Use Analyze, Set Measurements to choose Area, Mean gray value, and Integrated density area times mean. Check the following options, Limit to threshold and Display label. Use Analyze Measure to get the quantified data, then save the results.
These baseline micro-CT images were obtained in vivo five minutes after the injection of fibrin targeted gold nanoparticles at one hour after embolic stroke in mice. The cerebral thrombus can be clearly visualized in the middle cerebral anterior cerebral artery bifurcation area of the distal internal carotid artery.

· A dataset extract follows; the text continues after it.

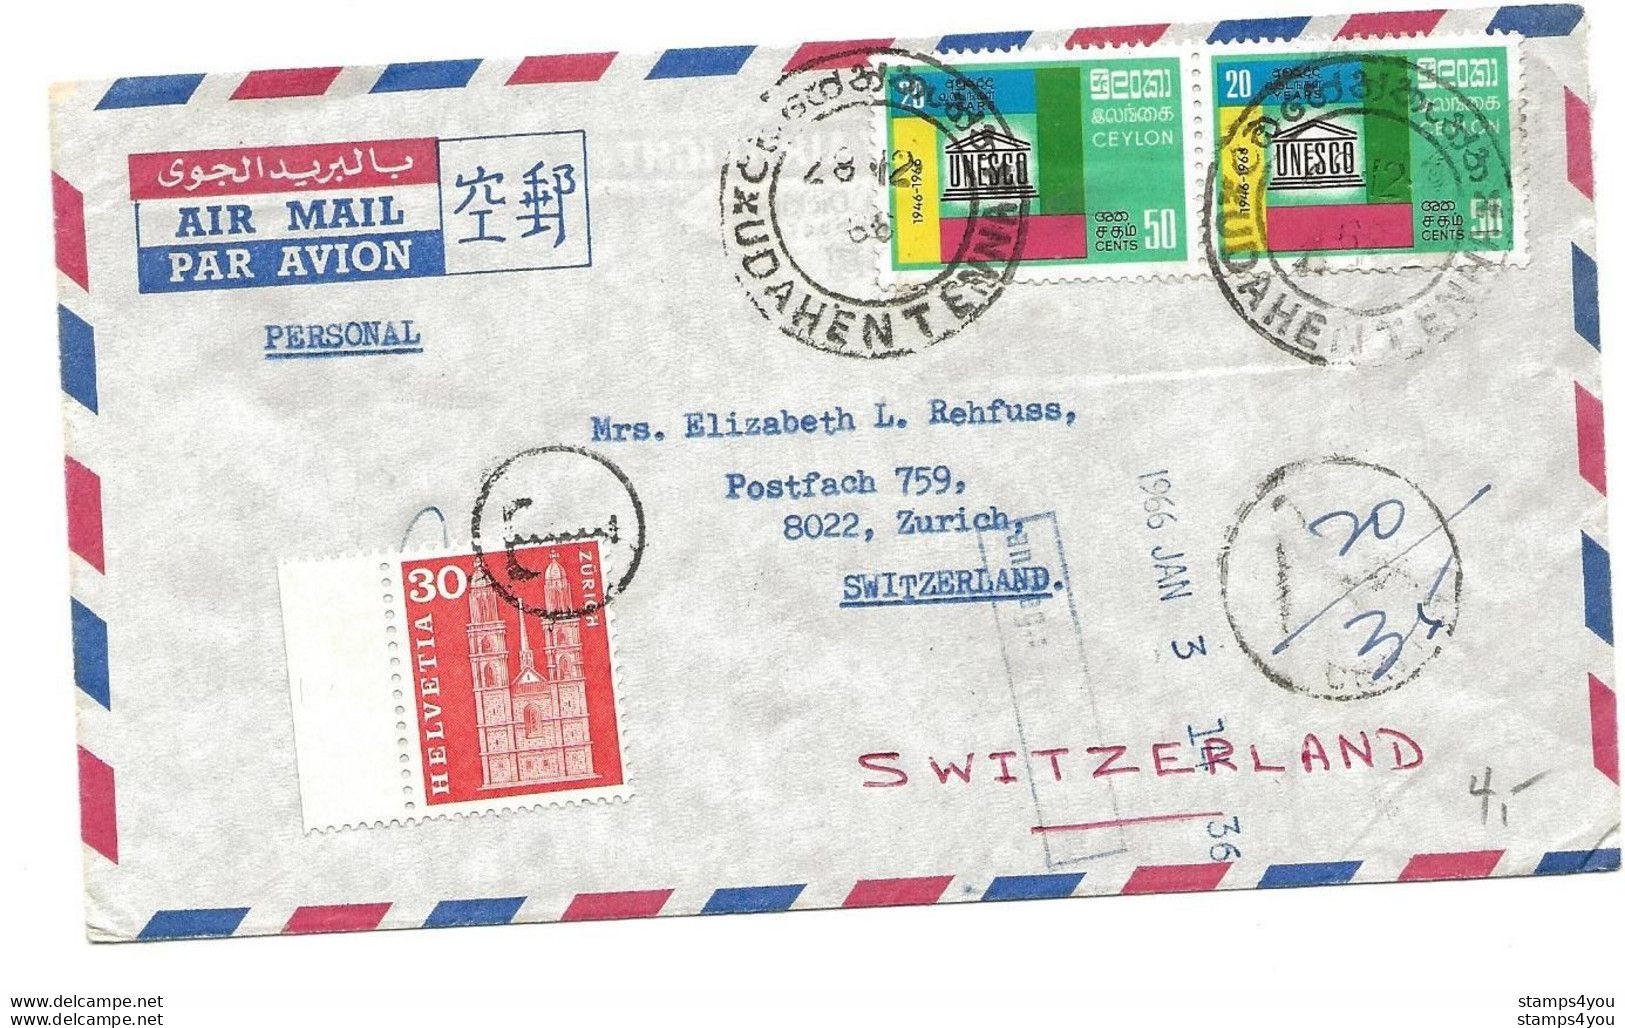 104 - 69 - Enveloppe Envoyée De Ceylon En Suisse - Timbre Suisse Avec Cachet "T" Taxe 1966 - Taxe
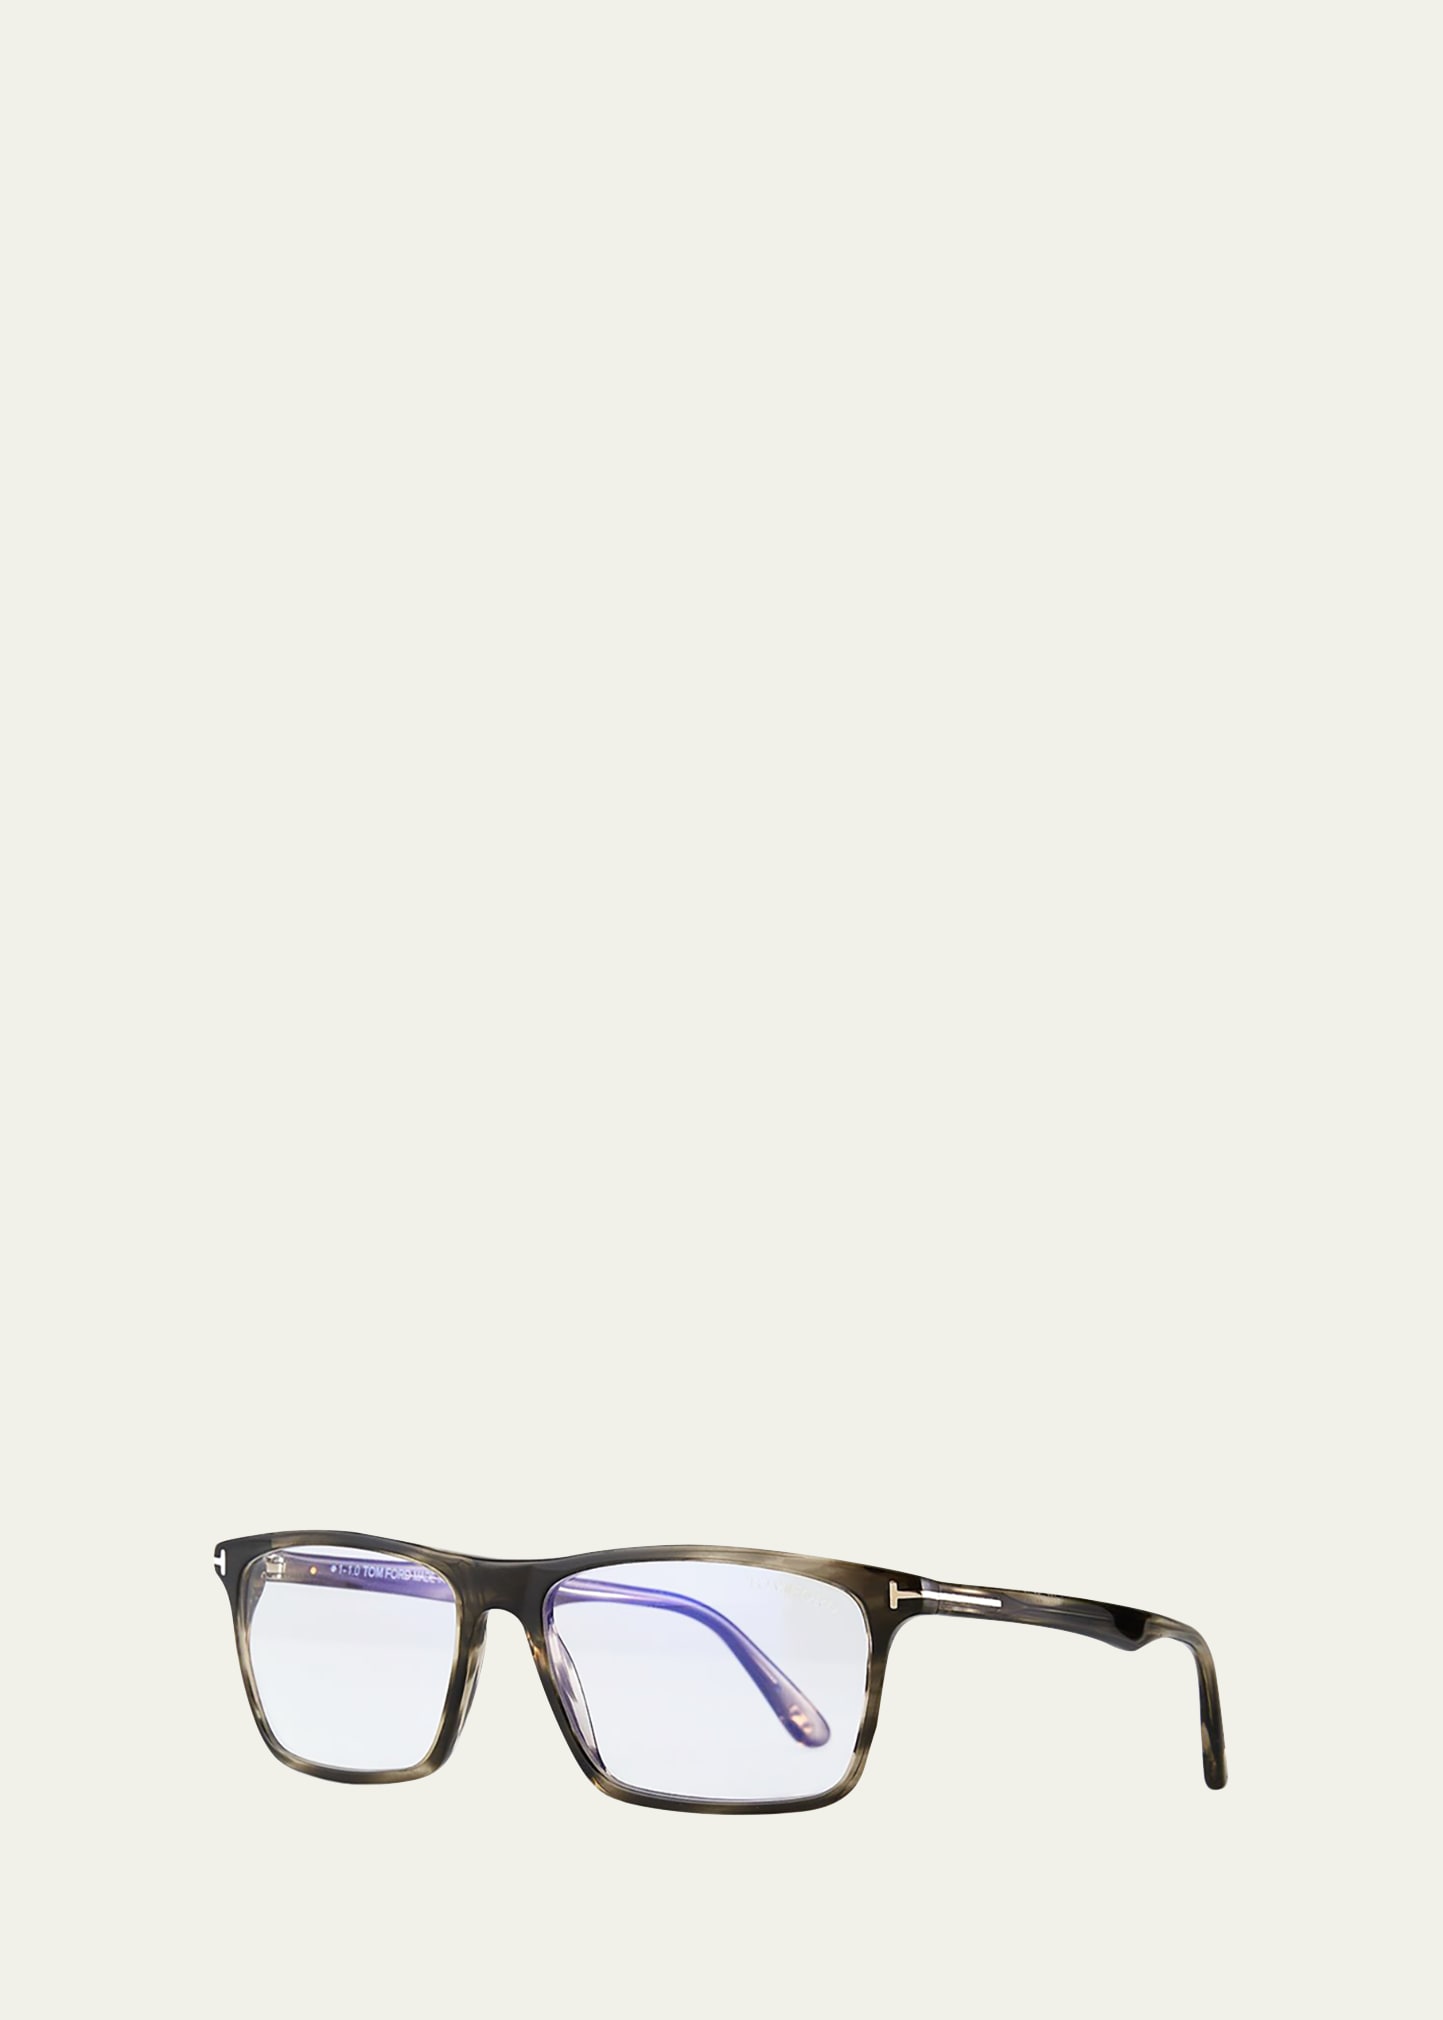 Tom Ford Men's Ft5681-bm56 Blue Light Blocking Optical Glasses In Brown

Follow-up micro-CT images demonstrate no changes in the circle of Willis thrombus in the saline treated animals, however tissue plasminogen activator treated animals exhibit a gradual dissolution of the circle of Willis thrombus over time, indicated by the blue arrowheads.
There is a strong correlation between the in vivo CT density and the ex vivo near-infrared imaging for residual thromboemboli at 24 hours. For example, in these images the hyperdense micro-CT areas, visualized by the fibrin targeting gold particles, directly correspond to the near-infrared signal areas identified by the coagulation factor 13A mediated, fibrin cross-linking activity sensitive fluorescent probe that binds to the thrombus during the preformed clot maturation process. Further, as visualized in these images, TTC staining can be used to assess the effects of thrombolysis in ischemic brain damage in control saline compared to tissue plasminogen activator treated animals.
Once mastered, this technique for the in vivo micro-CT imaging and ex vivo near-infrared fluorescent thrombus imaging can be done in about one hour if it is performed properly and when the imaging probes are available. While attempting this procedure, it is important to remember to use non-aggregated and fibrin targeted gold nanoparticles for micro-CT based direct cerebral thrombus imaging. Following this procedure, other methods like electron microscopy or ICPMS, which is inductively coupled plasma mass spectrometry, can be performed in order to answer additional questions like tissue distribution and blood kinetics of gold nanoparticles.
After its development, this technique paved the way for researchers in the field of stroke or cardiovascular research to explore thromboembolism in animal models that were inside to coronary thrombosis or embolic cerebral infraction. After watching this video, you should have a good understanding of how to make fluorescent labeled clots for thromboembolic stroke in mice and perform serial imaging and quantification of cerebral thromboemboli in vivo then ex vivo, thereby monitoring the thrombus evolution.